Batch Normalization Tensorflow

Study/Deep Learning

Batch Normalization Tensorflow

MJ_DL 2018. 7. 3. 17:22

Batch Normalization

learning rate를 너무 높게 잡을 경우 gradient가 explode/vanish 하거나, 비정상 local minima에 빠지는 문제발생. 이는 parameter들의 scale 때문, Batch Normalization을 사용시 backpropagation 할 때 parameter의 scale에 영향을 받지 않게 되며, 따라서, learning rate를 크게 잡을 수 있게 되고 이는 빠른 학습을 가능하게 함.
Batch Normalization의 경우 자체적인 regularization 효과가 있음.
Activation 함수 적용전에 사용.

알고리즘

미니 배치 단위로 평균과 분산을 구함.
평균과 분산을 구해 normalize 시킴.
gamma를 더하고 beta를 곱해 scale 과 shift를 시킴.

*gamma와 beta는 trainable 한 파라미터로 backprob이 가능.

학습

training 시 mini batch 단위에서 구한 평균과 분산을 이용해 normalize.
mini batch 단위에서 구한 average와 variance를 저장.
moving average 방식

테스트

Test 시 train할때 구했던 평균과 분산의 평균을 이용해 normalize.
추가적으로 연산 시 m/(m-1)를 곱해주게 되는데, 이것은 학습 전체 데이터에 대한 분산이 아니라 mini batch 분산을 통해 전체 분산을 추정하기 때문에 통계학적으로 보정을 위해 베셀의 보정값을 곱해준다고 한다..

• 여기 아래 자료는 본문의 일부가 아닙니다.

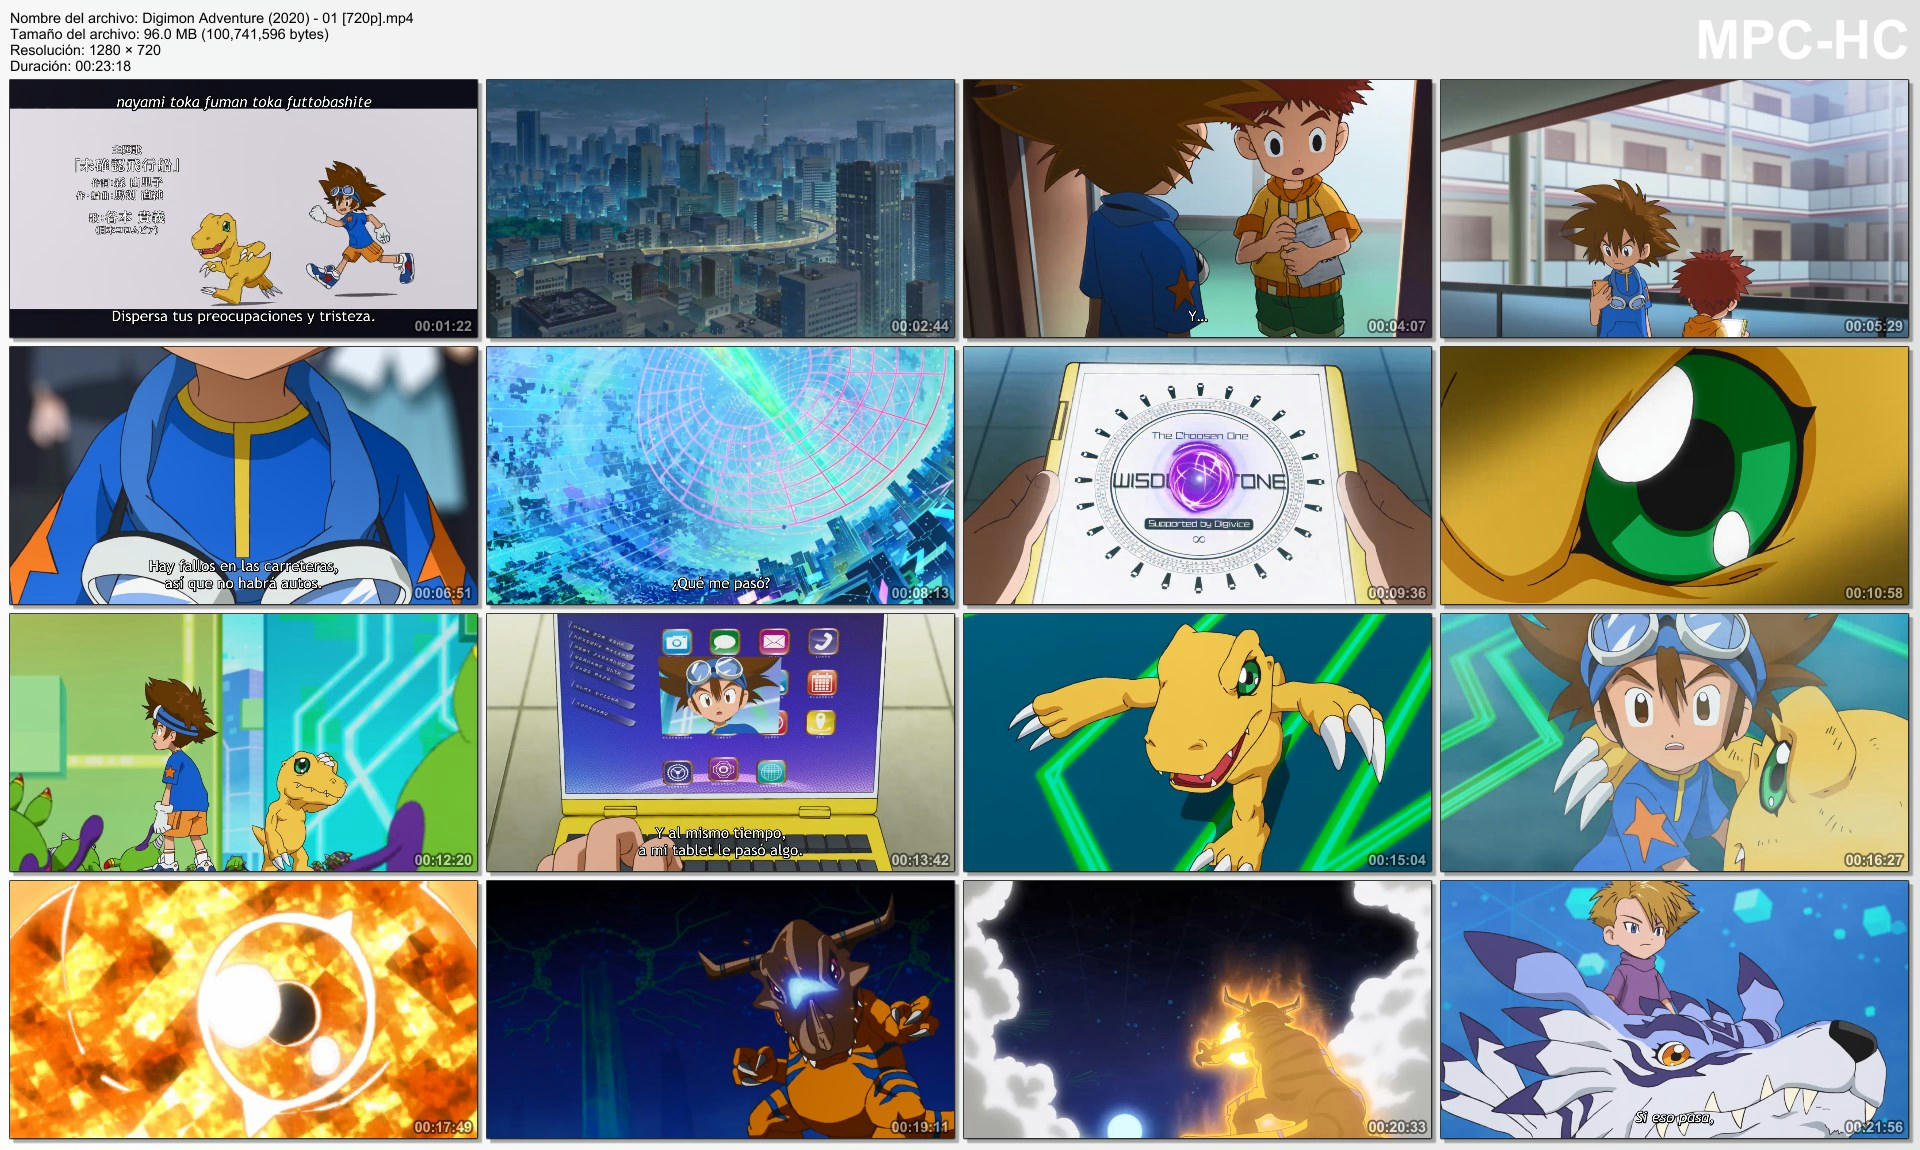 gz6k0ndufmq1t5jzg - Digimon Adventure: (TV) [49/67] (Ligero) (Emisión) - Anime Ligero [Descargas]

-> 베셀 보정 : 수학적으로 표본분산의 기댓값이 모분산과 일치하도록 하기위한 설정.

-> 모분산을 추정할때 그냥 m으로 나누게 되면 모분산 보다 항상 작은 값이 추정되는 현상이 발생한다. 이 현상을 제거하기 위해 m 대신 m-1로 나눠줌.

Convolution에서의 Batch Norm

Convolution에서는 activation function 전에 batch norm을 사용한다. 기본적인 형태는 Wx+b 형태로 들어가게 되는데 batch norm에서의 beta 역할이 Wx+b 에서의 b의 역할을 대체하기 때문에 이를 없애준다.

Tensorflow Code 작성시 주의.

tf.layers.batch_normalization(training=) 의 parameter 로 training이 들어감. -> train 시 True, test와 validation 시 False로 설정해 주어야함. 하지만 이렇게 셋팅 후 모델을 돌려보면 test와 vali 에서 값이 이상하게 나오게 된다. 이는 batch norm의 train 연산시 계산되는 평균과 분산을 업데이트 시켜줘야 하는데 이를 자동으로 해주지 못함. 즉 수동으로 업데이트 시켜야함!!

# placeholder 지정

batch_prob = tf.placeholder(tf.bool)

tf.layers.batch_normalization(training=batch_prob)

update_ops = tf.get_collection(tf.GraphKeys.UPDATE_OPS)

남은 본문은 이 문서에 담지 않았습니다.